No, it's not that bad: xlsx and ods files are utf8 anyway, xls of Excel97 contains texts as widestrings, the older Excel5 and 2 files do have ansistrings, but they contain a record specifying the encoding. The only issue is with csv files but here I provide a parameter record where users can specify the codepage.

My general observations converting fpspreadsheet from my development environment (Laz trunk + fpc 2.6.4) to fpc-trunk have been very positive: practically everything was working correctly without any change, there's only that formula issue which i mentioned above, and even this one goes away if I compile with UTF8RTL enabled.
« Last Edit: July 02, 2015, 11:43:07 pm by wp »

taazz

  • Hero Member
  • *****
  • Posts: 5368
Re: Issues with new strings of FPC trunk
« Reply #31 on: July 02, 2015, 11:44:49 pm »
Quote
in this case it can be anything and everything under the sun. We are talking about the a library that can be used all over the world to read and write spreadsheets they may contain from ansi text to utf8/utf16 text. In most cases he has no control over the input charset.
No, it's not that bad: xlsx and ods files are utf8 anyway, xls of Excel97 contains texts as widestrings, the older Excel5 and 2 files do have ansistrings, but they contain a record specifying the encoding. The only issue is with csv files but here I provide a parameter record where users can specify the codepage.

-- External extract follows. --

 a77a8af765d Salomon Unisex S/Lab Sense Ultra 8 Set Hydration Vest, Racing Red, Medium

My general observations converting fpspreadsheet from my development environment (Laz trunk + fpc 2.6.4) to fpc-trunk have been very positive: practically everything was working correctly without any change, there's only that formula issue which i mentioned above, and even this one goes away if I compile with UTF8RTL enabled.
do more tests. Since the ansistring type is converted to utf8 on lcl you have problems not seen yet.
Good judgement is the result of experience … Experience is the result of bad judgement.

OS : Windows 7 64 bit
Laz: Lazarus 1.4.4 FPC 2.6.4 i386-win32-win32/win64

ChrisF

  • Hero Member
  • *****
  • Posts: 542
Re: Issues with new strings of FPC trunk
« Reply #32 on: July 03, 2015, 06:30:44 pm »
I agree with taazz. If you are using Ansi text data somewhere, you probably have some issues with them.

First of all, when 'UTF-8 in RTL' is activated, the usual FPC/LCL conversion functions are -most probably- no more working: AnsiToUTF8 / UTF8ToAnsi and SysToUTF8 / UTF8ToSys.

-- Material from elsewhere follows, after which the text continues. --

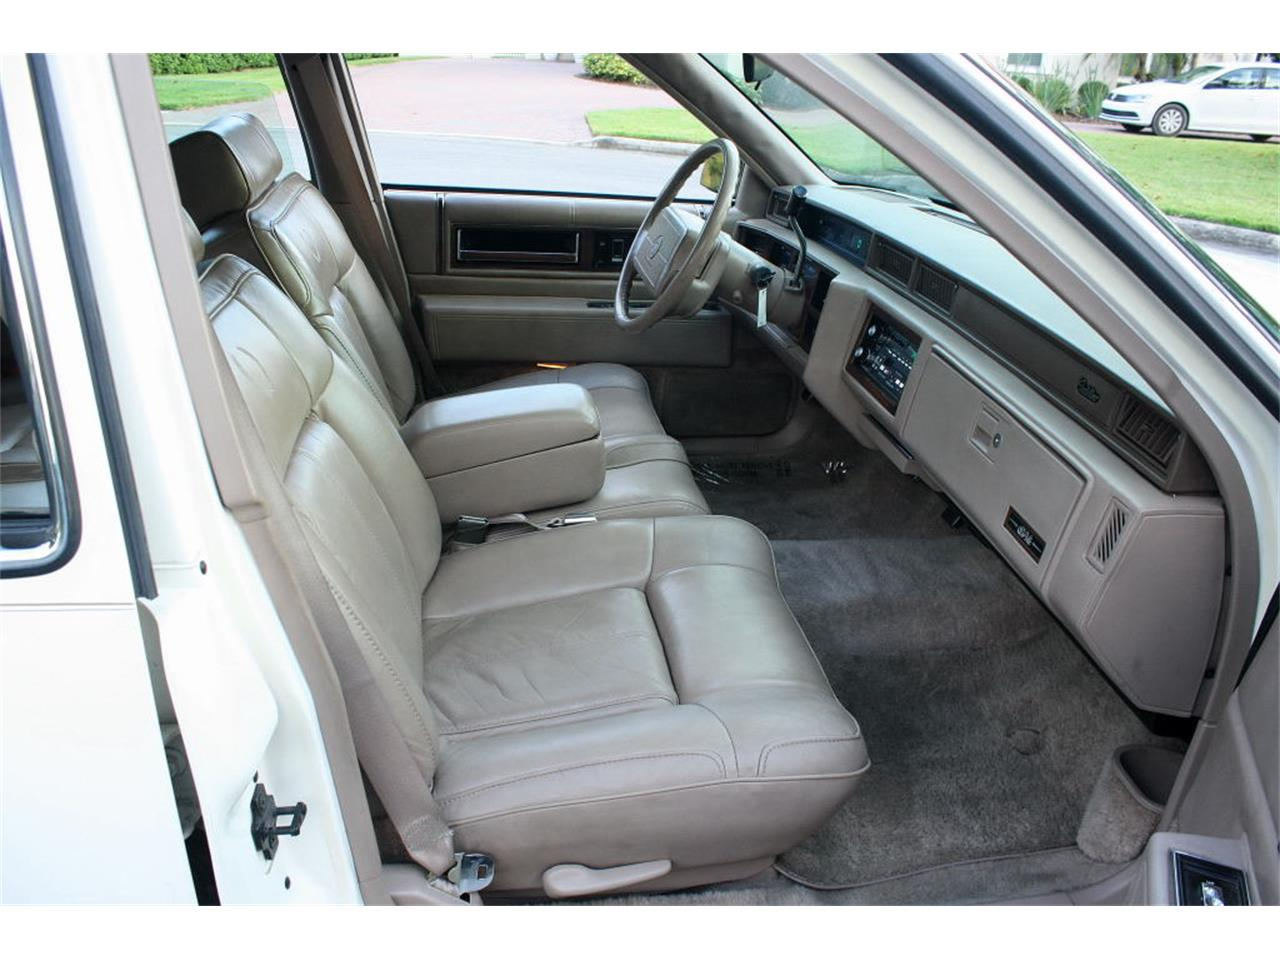 Large Picture of 1991 Sedan - $9,500.00 - L5XM

According to the documentation (see http://wiki.freepascal.org/Better_Unicode_Support_in_Lazarus#RTL_with_default_codepage_UTF-8), these functions must be replaced by:  WinCPToUTF8 / UTF8ToWinCP.

So, add LazUTF8 in the 'uses' clause (if not already present), and replace all these old conversion functions. That doesn't seem a big deal, after all.

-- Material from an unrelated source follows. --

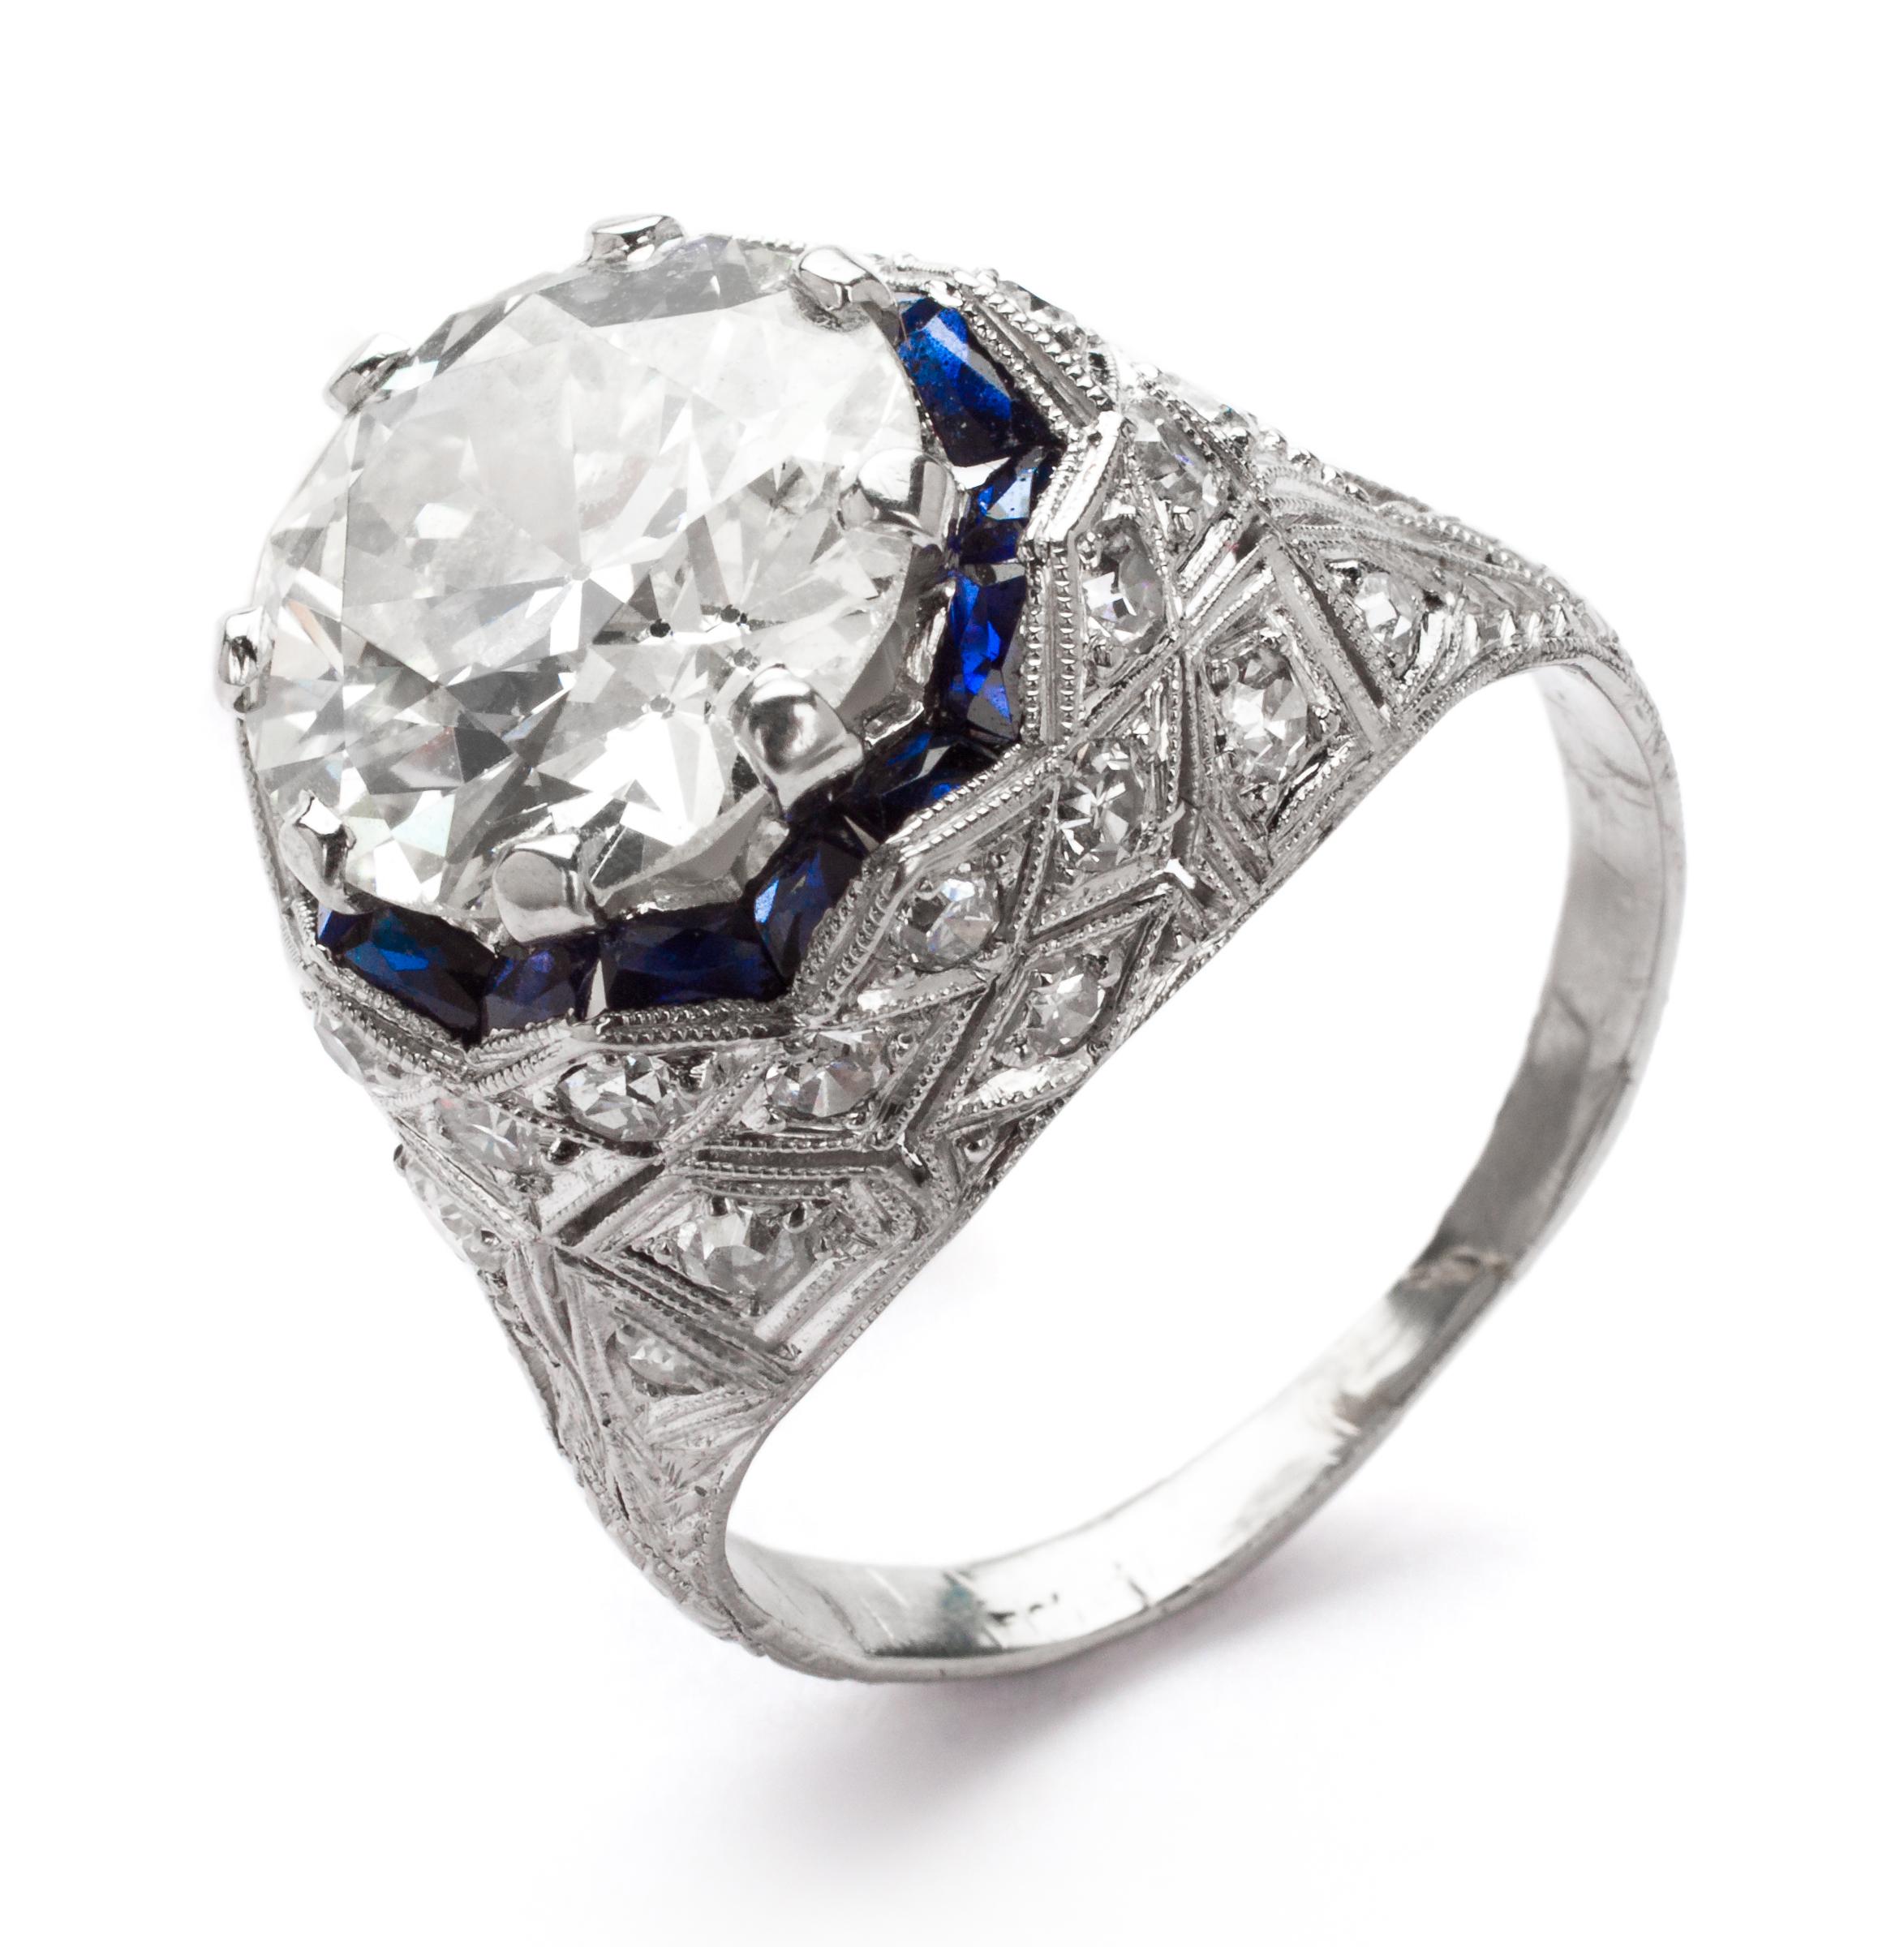 Art Deco Diamond and Platinum Engagement Ring

But it's not as simple ...

Hereafter, an illustration of what I'm beginning to call the Ansi nightmare ...


1/ The test program

Preliminary: this sample is intended to work only with FPC 3.0+.

Start a new Lazarus project with an edit box, a check box and a push button (I'm attaching such a sample project).

Here is the interesting part of the code:
Code: [Select]
uses
  LazUTF8, Windows;

procedure TForm1.Button1Click(Sender: TObject);
var s: string;
var ws: widestring;
var UnicodeEnabledOS: boolean;
begin
  UnicodeEnabledOS := CheckBox1.Checked;
  //
  s := UTF8ToWinCP(Edit1.Text);
  if UnicodeEnabledOS then
    begin
      ws := widestring(s);
      MessageBoxW(0,PWideChar('Hello '+ws+' !'),'Greetings W',0);
    end
  else
    MessageBoxA(0,PChar('Hello '+s+' !'),'Greetings A',0);
end;

The code might seem a bit 'strange'; in a real code, it would be coded differently.

But for my demonstration purposes, I've been of course forced to carefully choose my instructions, their orders, ... Anyway, even if it's 'strange', it's certainly not incorrect.


2/ Tests with No 'UTF-8 in RTL'

Everything is OK.

You can verify it when running the project, by introducing some non ASCII characters in the edit box (like "Ändern", for instance) and pressing the push button. Both for the Ansi and the Unicode cases, the message box text is OK.


3/ Tests with 'UTF-8 in RTL' activated

This time, it's OK with the Ansi API (by chance, I'd wished to say), but not for the Unicode (i.e. wide) API. Though the recommended "UTF8ToWinCP" function has been used, and though it returns the correct data.

Ahhh, yes ! Currently, the LCL is lying for (almost ?) all of its conversion functions. Concretely, it means that the code page returned for the function result is incorrect (as for UTF8ToConsole earlier in this topic).

It's not a a problem. It might be fixed in the future in the LCL, but nowadays we can still fix it by ourselves easily. Just add the following instruction:
Code: [Select]
...
  s := UTF8ToWinCP(Edit1.Text);
  SetCodepage(rawbytestring(s), GetACP, false);     //  <--- Add me
  if UnicodeEnabledOS then
...

The Unicode case is now working properly: great, we've finally made it !

Ehhh, wait a minute... The Ansi case is no more working !

We are supposed to have just 'fixed' a potential issue. The data returned by UTF8ToWinCP function are OK; we have now set the correct code page for these data, and it's not working. Uhhh ?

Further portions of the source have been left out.